Bugs moved to the tao-support placeholder.
*** Bug 609 has been marked as a duplicate of this bug. ***
The last time we tracked this down the kernel was indeed rejecting the request. In other words, the client was doing the right thing (calling connect ()), the server never heard of the request (so there is not much it can do), but the connect() call returned -1. BTW, the exception raised (TRANSIENT) really means "try again later", so the application is getting a good hint about what needs to be done.
Peter Crowther has provided us with a very important piece of intelligence: Which Windows OS are you on? Certainly up to and including NT4SP6, and probably in Win2K as well, there's a mis-implementation of the TCP state machine, as follows: When a listening socket (in this case the server) fills its listen queue from a large number of simultaneous connection requests, the standard requires that the server silently drops the excess and the client tries again on a retransmit. WinNT incorrectly sends a TCP RST on overflow, which resets the connection. That would almost certainly be reported as ECONNREFUSED on a Winsock client (I was testing this using a Linux client, so got better reporting). Carlos: how deep is the backlog parameter set on a listen()? [Sorry; I know I should look, but I'm away from my copy of the source] NT4S can allow backlogs up to 200 before it starts throwing RSTs. Also, don't bother testing this on most UNIXes as they implement correct behaviour.

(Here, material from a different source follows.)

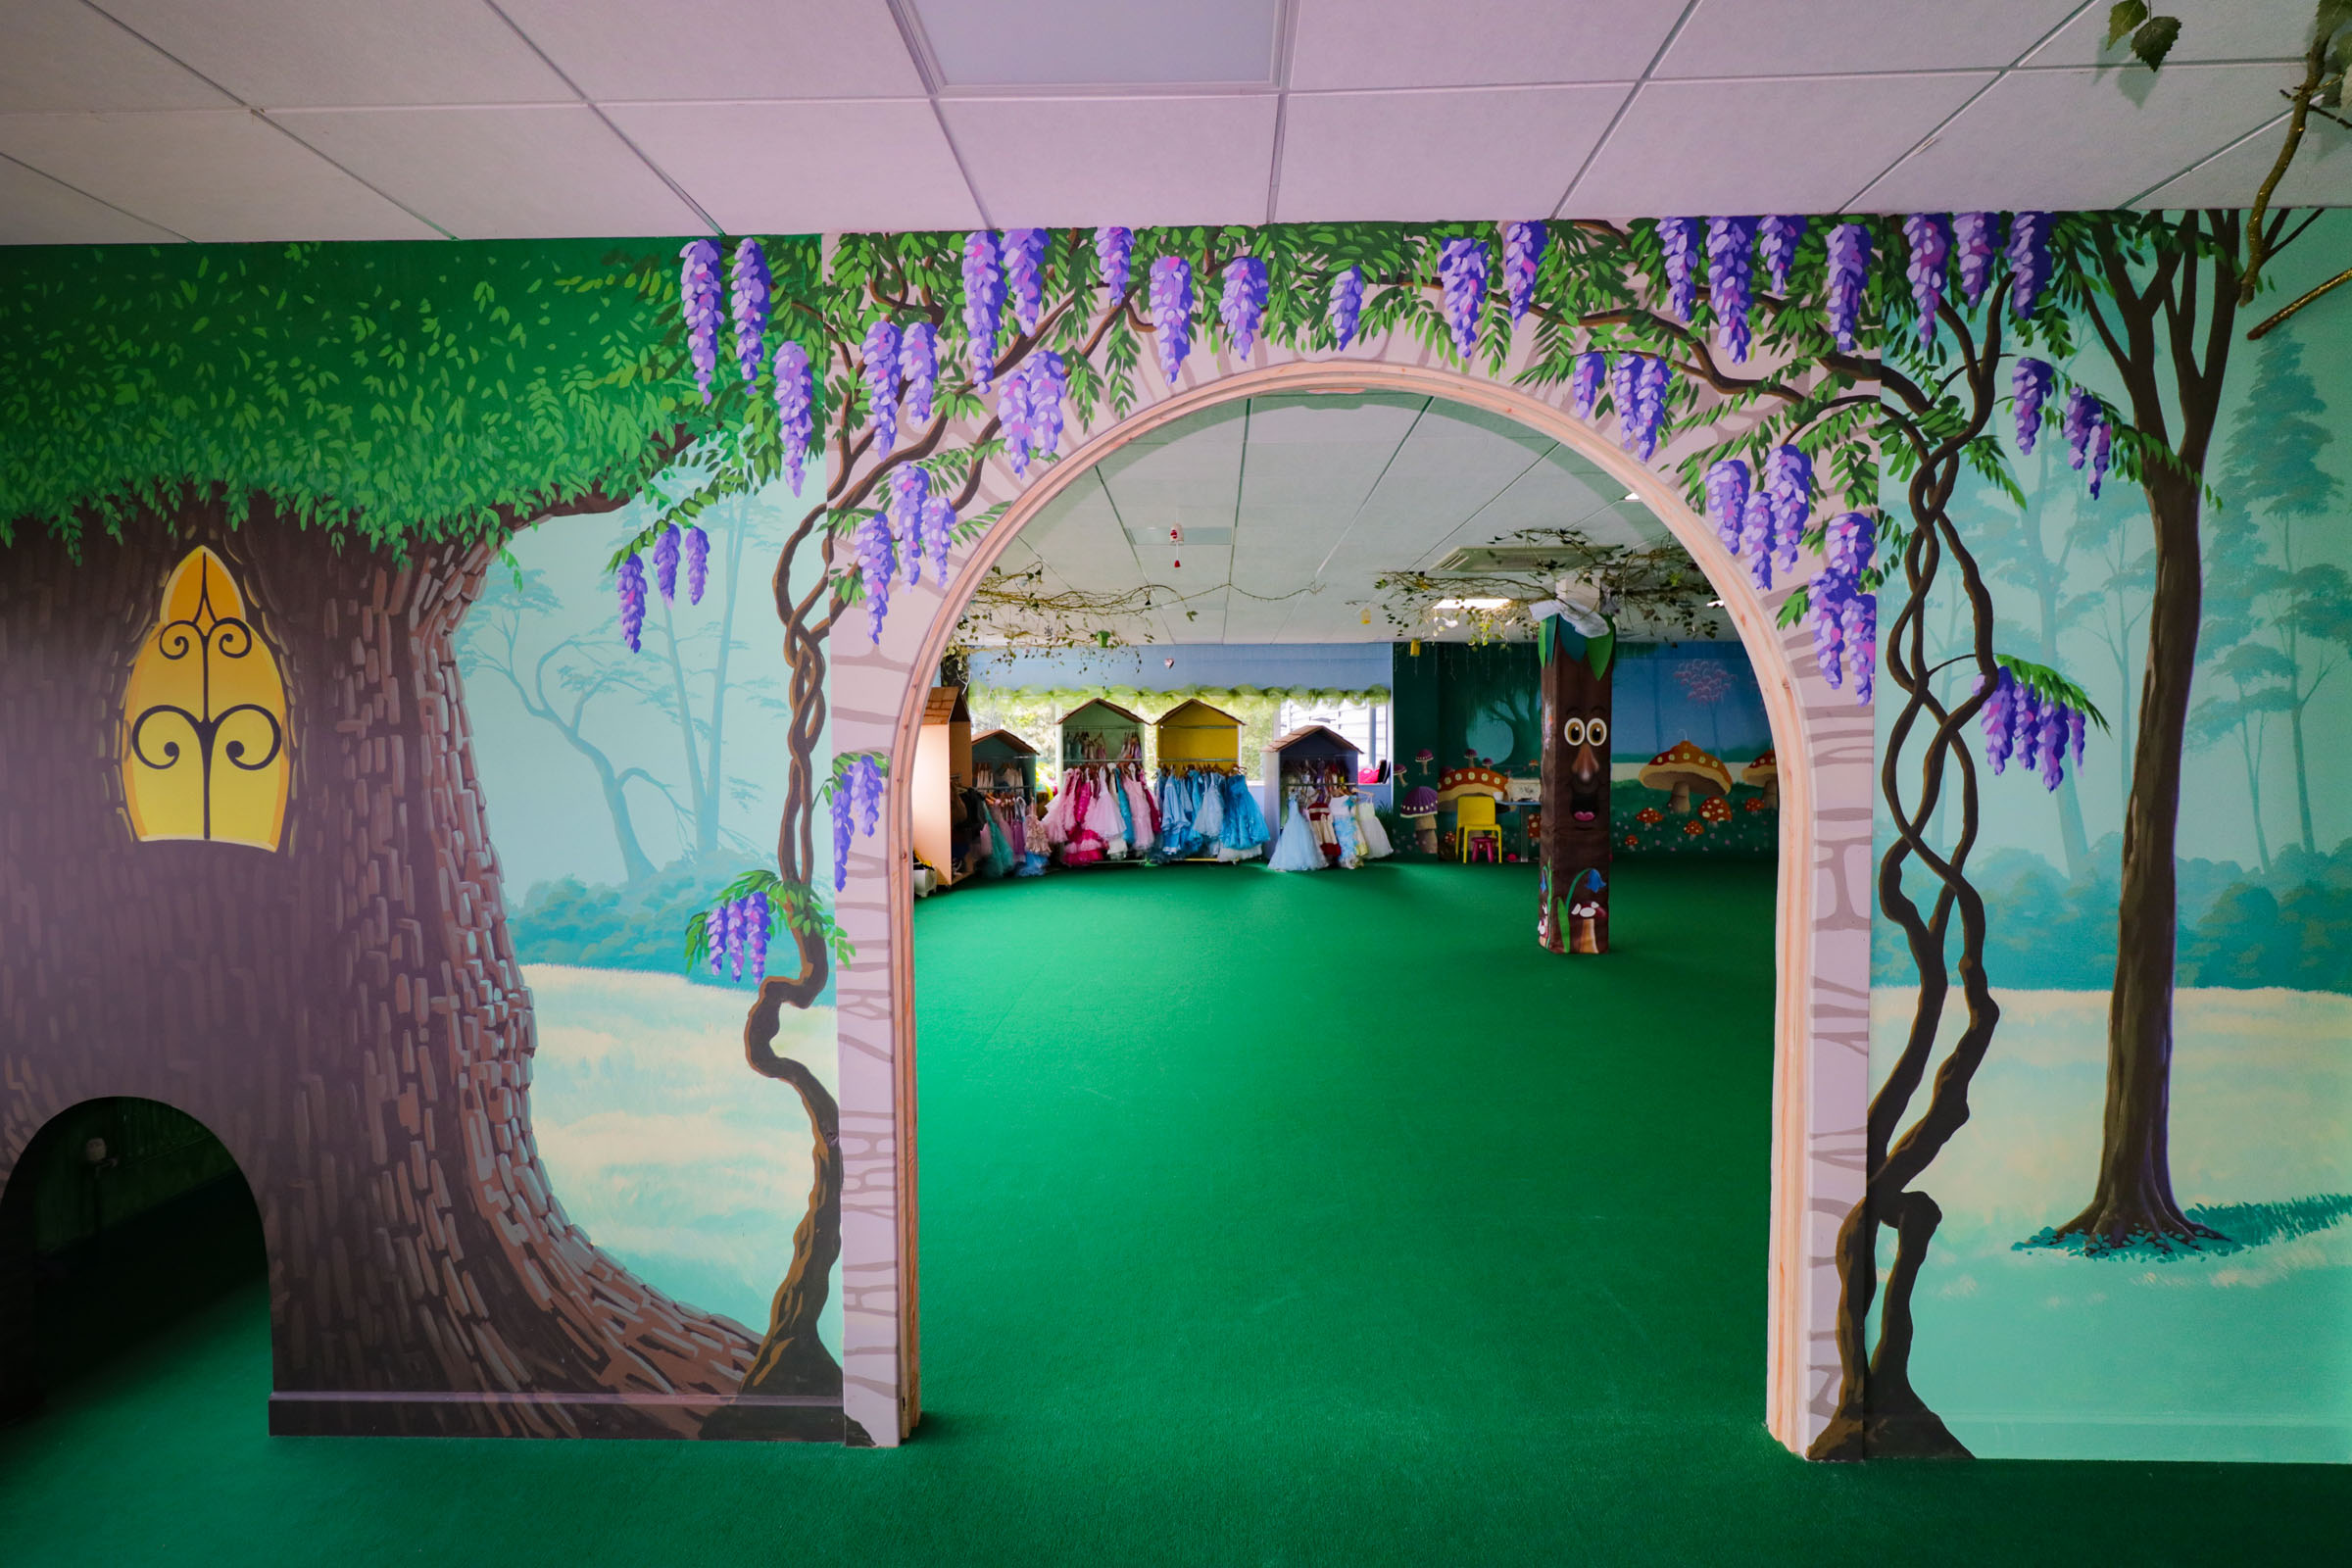 Magic Forest Party Room at the Riverside Hub, with wisteria around gateway

Two ideas to follow up on based on Peter comments: 1) Make the default backlog on NT larger (a lot larger) 2) Make the backlog configurable at run-time, maybe an option to the IIOP_Factory or an option in the IIOP endpoint (ala priority=...?backlog=...)
Here is another very cool hint from Peter: > Would you happen to know if this is documented > in the Microsoft knowledge base or something? Q113576, if you read between the lines. Amusingly, they keep trying to increase the maximum depth without seeming to realise that it's the RST that's the problem. Anyone who's downloaded pages from a busy IIS may have been hit by this --- IIS3, in particular, was notorious for resetting a connection and causing the browser to report 'The connection with the server was reset'. This bug was one of the main causes of early IIS versions being regarded as unreliable. > The default value is probably 25 or 15, but you can set it at compile > time. I'd be inclined to set it deeper. Correct behaviour of listen() is to reduce the backlog to the system's maximum value if a larger value is requested, although no doubt there are some brain-damaged stacks out there that won't do this and fail the request instead. I can vouch for the NT4S limit of 200, too --- I could throw 200 SYNs at a P200 in about 50ms and it would take them all, but it wouldn't if I took the limit up to about 205-6 (depending on how fast the application called accept()).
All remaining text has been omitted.